This Day in History: April 25th
Today in History: April 25, 1792
At 3:30 p.m. on April 25, 1792, a robber and killer named Nicolas Pelletier was led to the scaffolding in the Place de Grave, where public executions were performed during the reign of Louis XV. Plentiful national guardsmen were on the scene to preserve order. The authorities were concerned that the crowd for this execution would be unusually large and rowdy, as this was the very first time the guillotine would be used to put a convicted felon to death.
The condemned prisoner walked up the stairs wearing a bright red shirt, and was quickly positioned on the guillotine, also bright red in color. Within seconds, the blade fell, Pelletier was decapitated, and it was all over.

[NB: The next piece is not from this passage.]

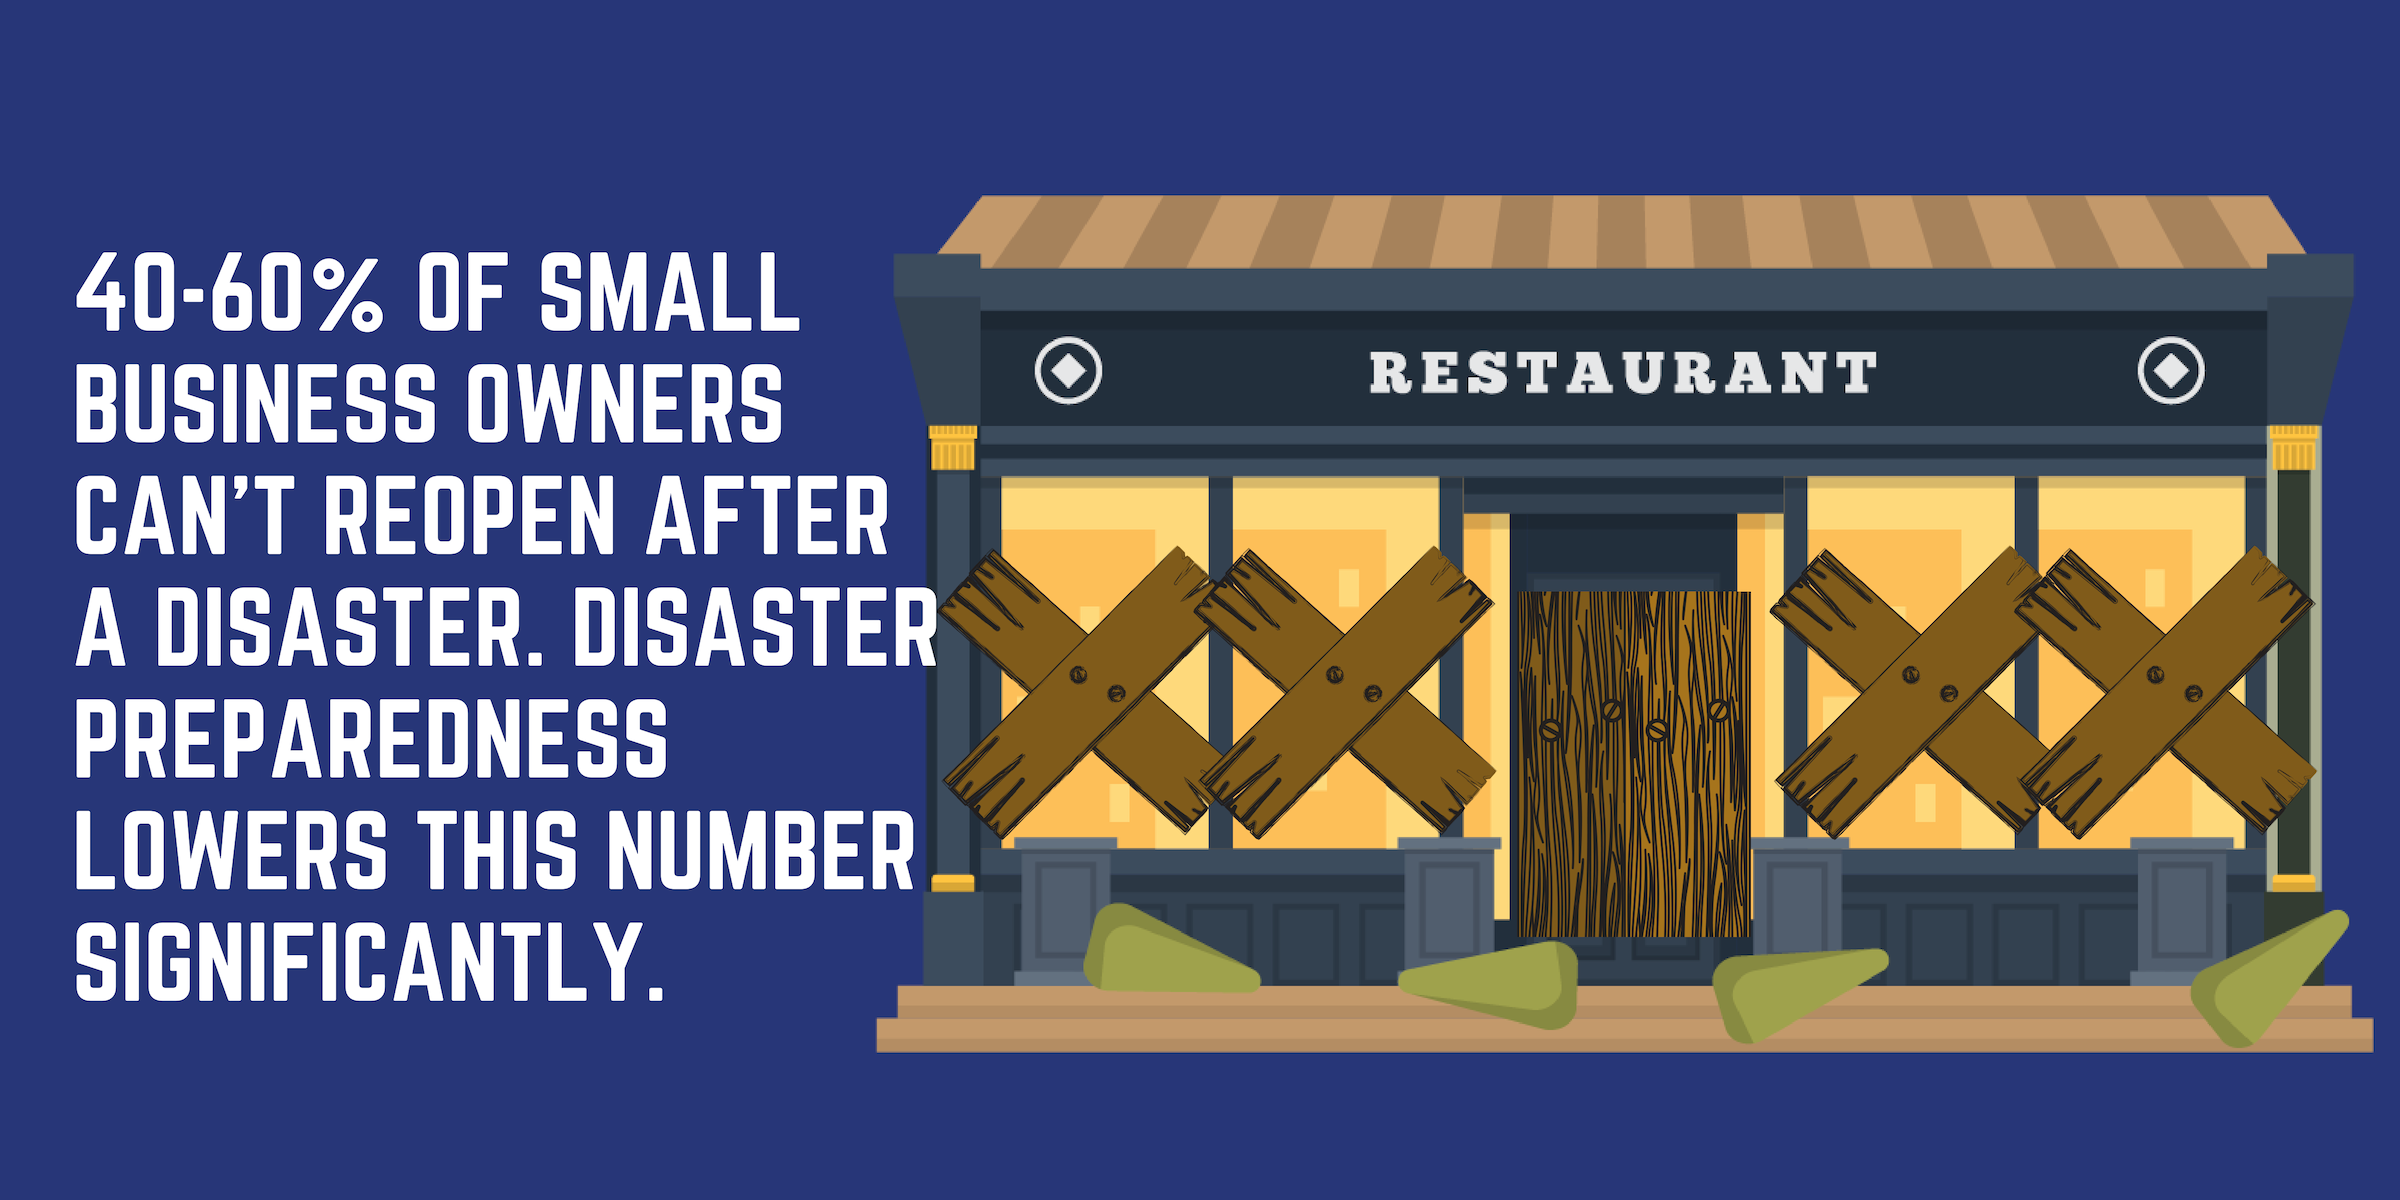 40-60% of small business owners can't reopen after a disaster. Disaster preparedness lowers this number significantly. 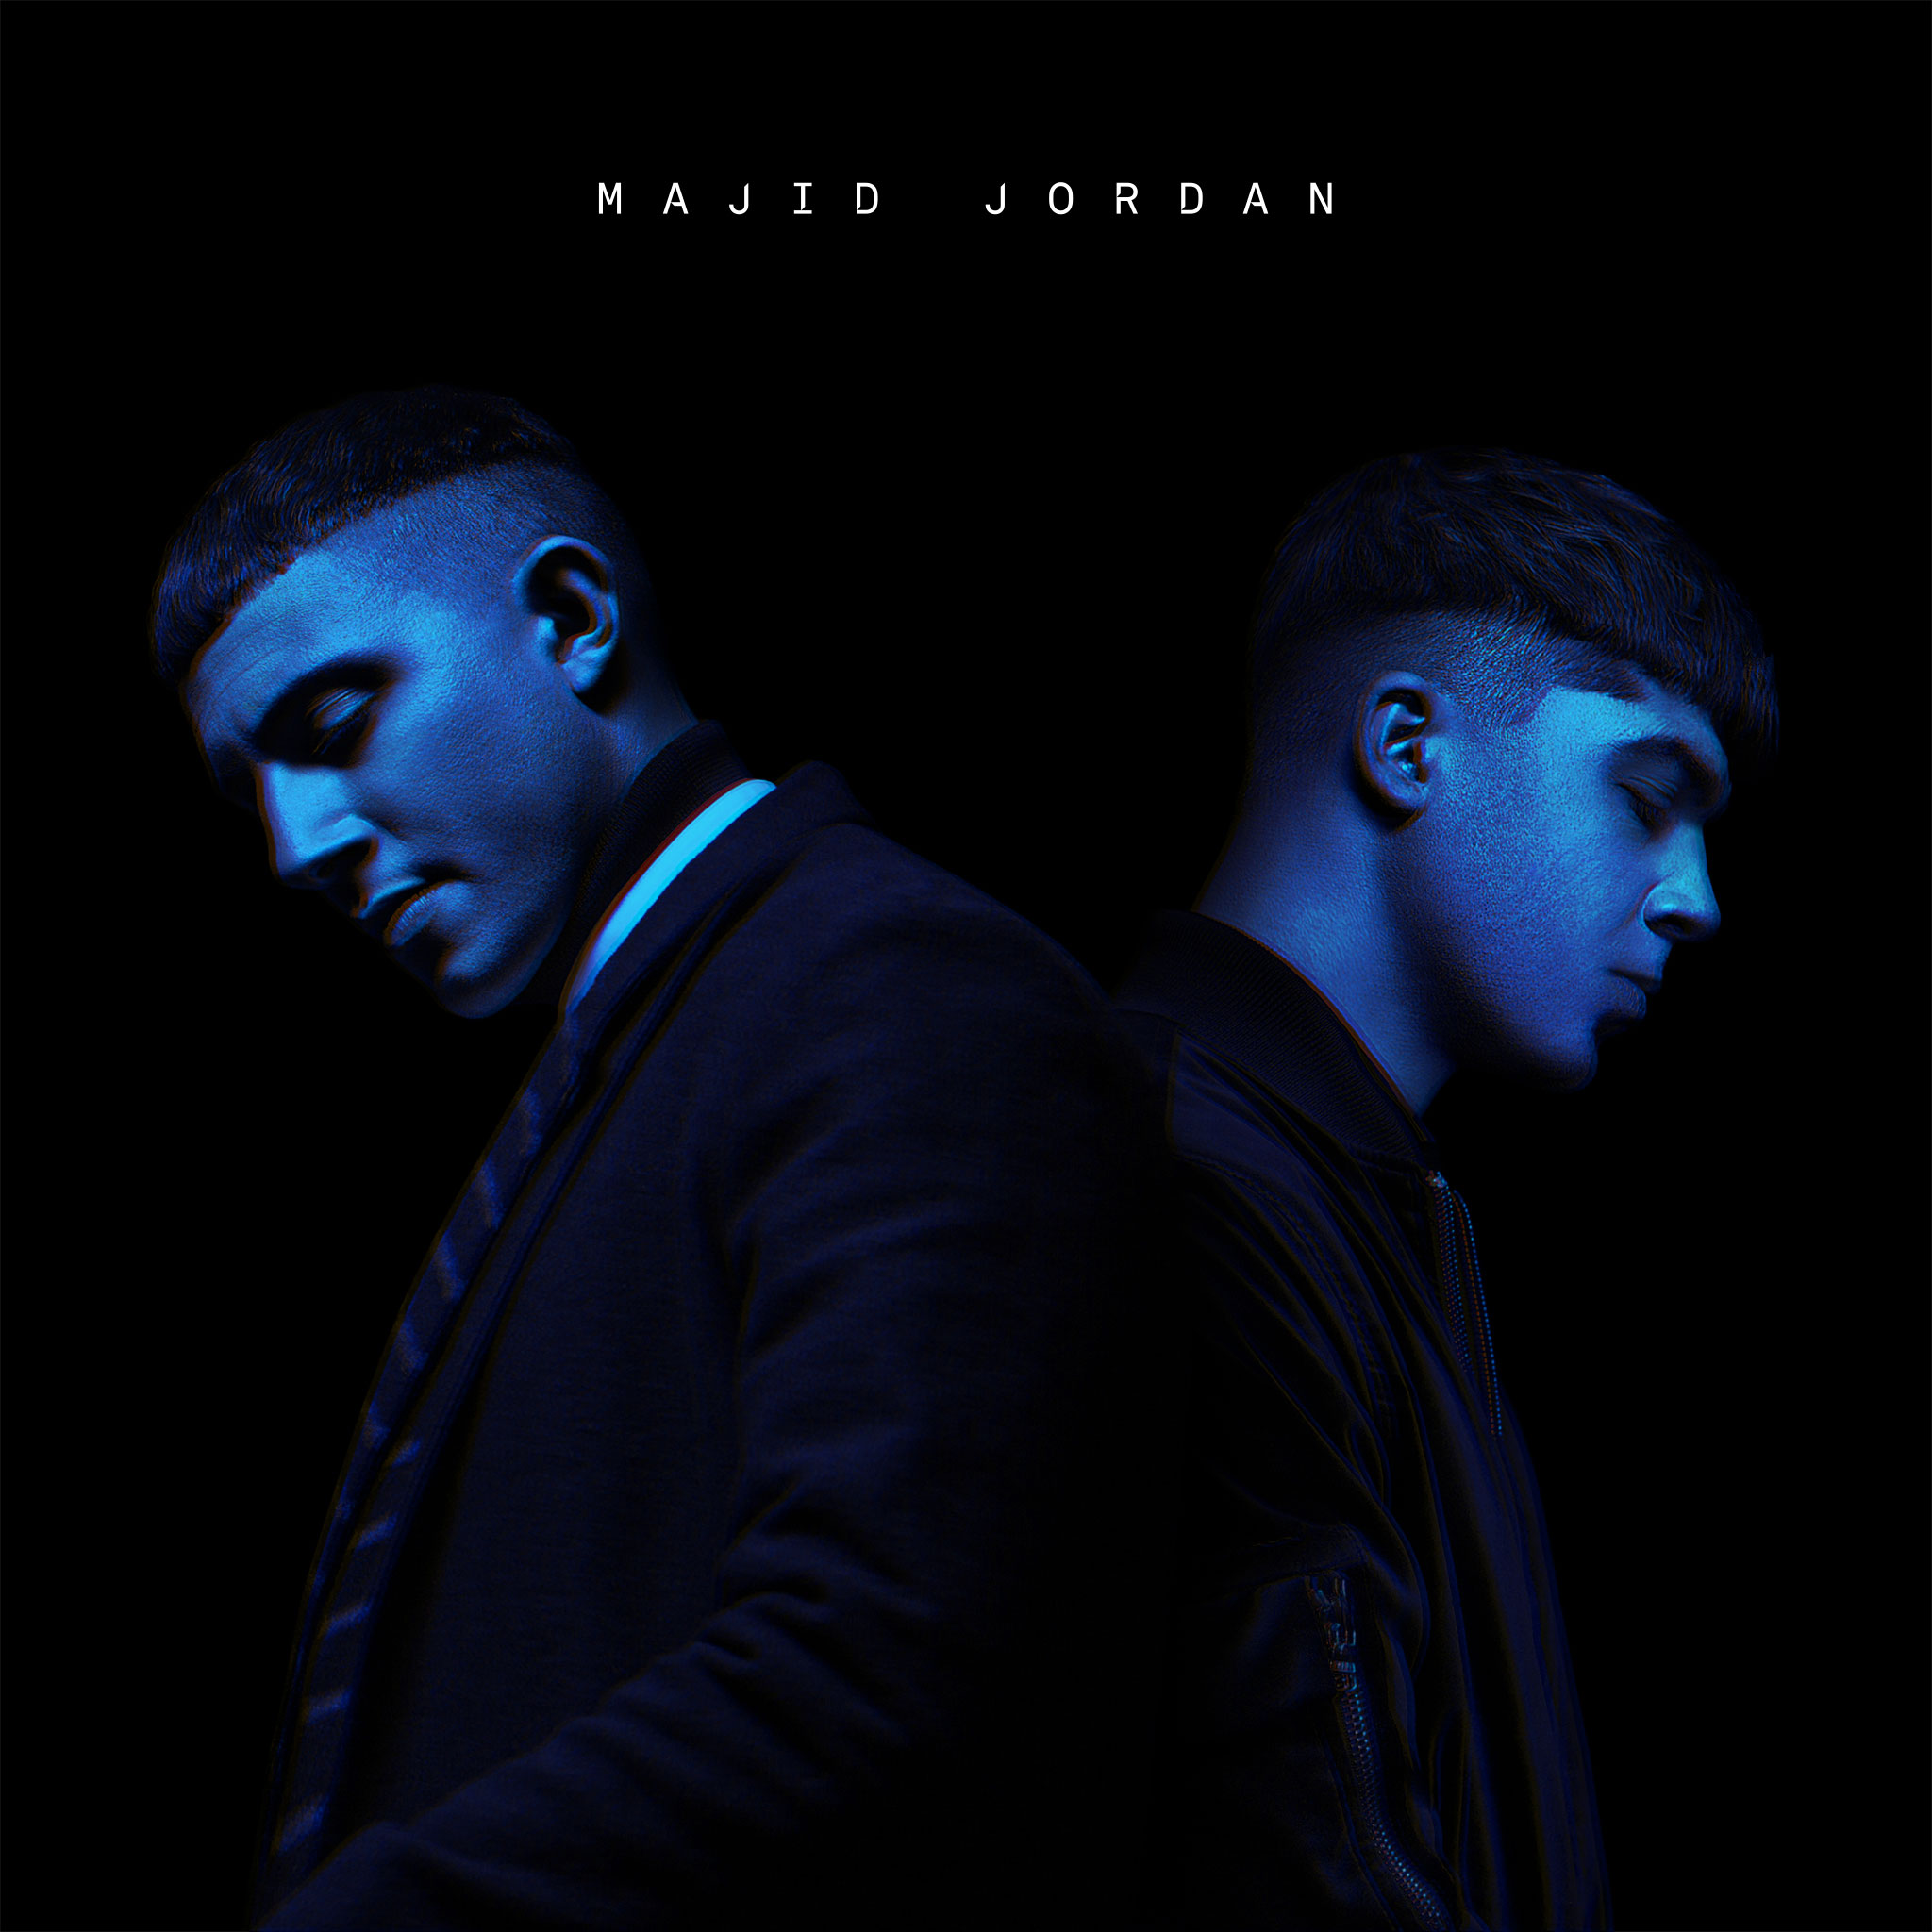 Interview 10 things we learned in conversation with Majid Jordan

The assembled crowd, however, felt totally ripped off. Where was the drama? Where was the excitement? At least with a hanging or a breaking-at-the-wheel you got some proper entertainment. Some disappointed people in crowd even reportedly started a chorus of: “Bring back our wooden gallows!”
But the guillotine was here to stay.
There had been other devices similar to the guillotine previously in existence in Europe, but the machine we know today was developed by Dr. Joseph-Ignace Guillotin, a French doctor and member of the Revolutionary National Assembly. The good doctor was actually against the death penalty, but he figured a more humane method of execution was better than nothing until capital punishment could be abolished completely.
The guillotine was adopted as France’s official method of execution on March 20, 1792, and remained so until the death penalty was done away with in 1981. When the guillotine was instated, it was seen as an egalitarian way to dispatch justice in capital cases, unlike the old system that was unapologetically biased towards the upper class. Before the guillotine, aristocrats underwent relatively painless executions by being beheaded, either by axe or by sword. Commoners, on the other hand, could be hanged, burned at the stake, broken on the wheel, or made to suffer many other sorts of horrible, lingering deaths. The guillotine, to the revolutionary mind, provided a level playing field.
And during the Reign of Terror, from June 1793 to July 1794, it sure got a work-out. After the monarchy was overthrown, most of the democratic principles put in place were cast aside and anarchy ruled the day. No-one was safe, and it’s estimated that 5,000-40,000 French individuals met their end in the Place de la Revolution by means of “Madame Guillotine.”